Buhari Sahih c. 4 ve 5’de, Abdi Cem’un- Beyn’es- Sihah’is-Sitte c. 2’de, Beyhaki Sünen s. 9 ve 224’de, Tirmizi Cami’ c. 2 s. 135’de, Ebu Davud Sünen’de, Harezmi Menakıb’da, Şevkani Tefsir c. 2 s. 319’da, İbn-i Meğazili Fezail’de, Muhammed bin Talha Metalib’us- Süul s. 17’de, Şeyh Süleyman Belhi Yenabi’ul- Mevedde 18. Bab’da, (muhtelif yollarla Ehl-i Sünnet alimlerinden naklen), Taberi Riyaz’un- Nazre s. 147’de ve Zehair’ul- Ukba s. 69’da, Sibt bin Cevzi Tezkire s. 22’de, imam Nesai Hasais’ul- Alevi s. 14’de (bu Bab’da altı hadis rivayet etmiştir), İbn-i Kesir Tarih-u Kebir c. 5, s. 38 ve c. 7, s. 357’de, Askalani İsabe c. 2, s. 509’da, Celaluddin Suyuti Dürr’ul- Mensur c. 3, s. 208 Beraat süresinin ilk ayetinin tefsirinde, Taberi Cami’ul- Beyan c. 10. s. 41’de, imam Sa’lebi Keşf’ul- Beyan’da, İbn-i Kesir Tefsir, c. 2, s. 333’de, Alusi Ruh’ul- Meani c. 3, s. 268’de, İbn-i Hacer Savaik s. 19’da, Heysemi Mecme’uz- Zevaid c. 7, s. 29’da, Muhammed bin Yusuf Kifayet’ut- Talib’in 62. babının125. sayfasında (Ebu Bekir’den, Hafız Ebi Naim’den, Hafız Dimaşki’nin Müsned’inden farklı yollarla müsned olarak naklen), imam Ahmed Hanbel Müsned c. 1, s. 3 ve 101’de, yine c. 3, s. 283’de, yine c. 4, s. 164’de, Hakim Müstedrek-i Kitab-i Meğazi c. 2, s. 51’de, yine aynı kitab c. 2, s. 331’de, Mevla Ali Muttaki Kenz’ul- Ummal c. 1, s. 246 ila 449’da ve c. 6, s. 104 Fezail-u Ali’de, tevatür olarak bu olayı rivayet etmiş ve sıhhatini onaylamışlardır.

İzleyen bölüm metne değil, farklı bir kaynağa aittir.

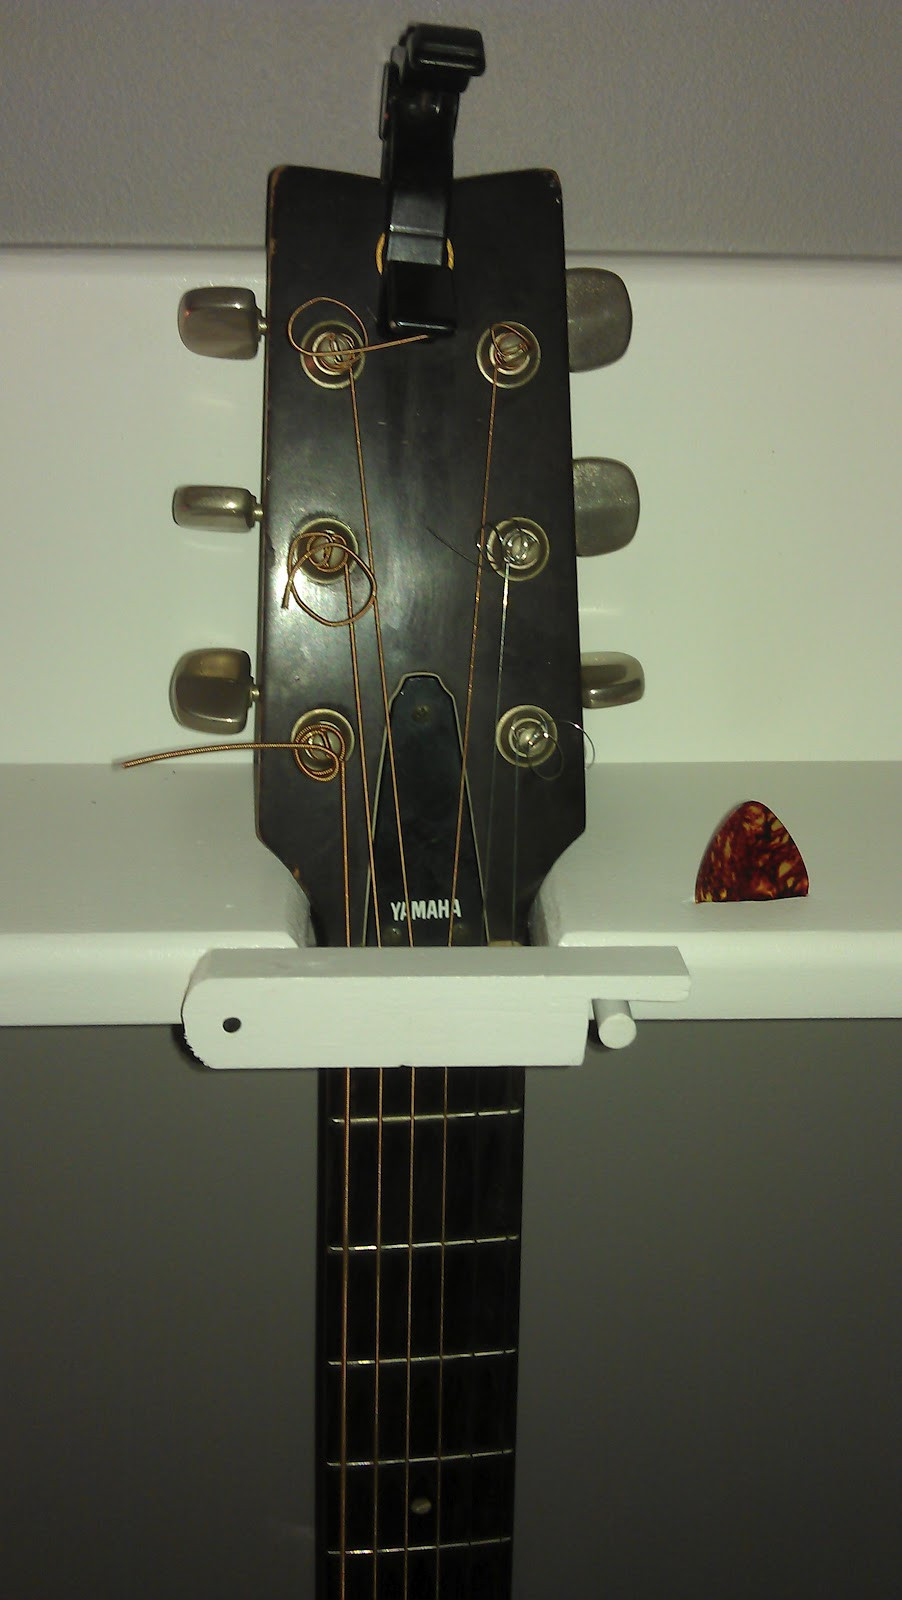 Best ideas about Guitar Wall Hanger DIY
. Save or Pin DIY 4 Guitar Wall Hanger Cost $15ish FEATURED AS AN Now.

Seyyid Abdulhayy: Peygamber (s.a.a)’in bütün fiil ve sözleri Allah-u Teala tarafındandır. O halde neden önce bu görevi Ali’ye (k.v) vermedi de Ebu Bekir’e verdi ve sonra da Allah’ın emriyle Ali gidip Ebu Bekir’i yolun yarısından geri çevirdi?

Davetçi: Bu olayın asıl sebebi noktasında kitaplarımızda hiçbir sebep beyan edilemediği için, biz de bir şey demiyoruz. Ama şahsi görüşüme göre bu olay da Hz. Ali (a.s)’ın makamını başkalarına ispat etmek için gerçekleşmiştir, ki siz de 1340 yıl sonra kalkıp siyaset ve yaş büyüklüğü sebebiyle Ebu Bekir’in hilafete daha layık olduğunu söylemeyesiniz. Eğer başta bu görevi Ali (a.s)’a vermiş olmuş olsaydı, sıradan bir iş sayılırdı ve sizler için bu hadis sebebiyle Ali (a.s)’ın faziletlerini ispat edemezdik. Sizler Hz. Ali’nin hilafet makamındaki faziletini ispat eden her hadisi, soğuk tevillerle çok gülünç de olsa tevil ediyorsunuz.

İşte böylece Hz. Ali (a.s)’ın, yaşı küçük olmasına rağmen diğer yaşı büyük kimselerden daha faziletli ve öncelikli olduğu anlaşılmış oldu.

Hz. Peygamber (s.a.a) ilk önce ayetleri Ebu Bekir’e teslim ediyor, Ebu Bekir yola düştükten sonra Hz. Ali (a.s)’ı onun ardından göndererek o ayetleri andan alıp kendisinin o mesajı iletmesini istiyor, Ebu Bekir bu işin sebebini Peygamber (s.a.a)’den sorunca, Allah-u Teala tarafından bu işle görevlendirildiğini, kendisinin veya kendisinden olan birinin bu mesajı halka iletmesinin gerekliliğini beyan ediyor. Binaenaleyh Ebu Bekir’in yolun yarısından döndürülerek bu görevden azledilmesi ve Hz. Ali (a.s)’ın bu görevi üstlenme makamına atanması, O’nun diğer kimselerden daha üstün ve daha öncelikli olduğunu ispat etmektedir.

Hakeza bu olay, Allah-u Teala’nın risaletinin, yani nübüvvet ve hilafetin, yaşlılık ve gençlikle ilgisi olmadığını ispat etmektedir. Kısacası burada kıldan ince binlerce nükte vardır.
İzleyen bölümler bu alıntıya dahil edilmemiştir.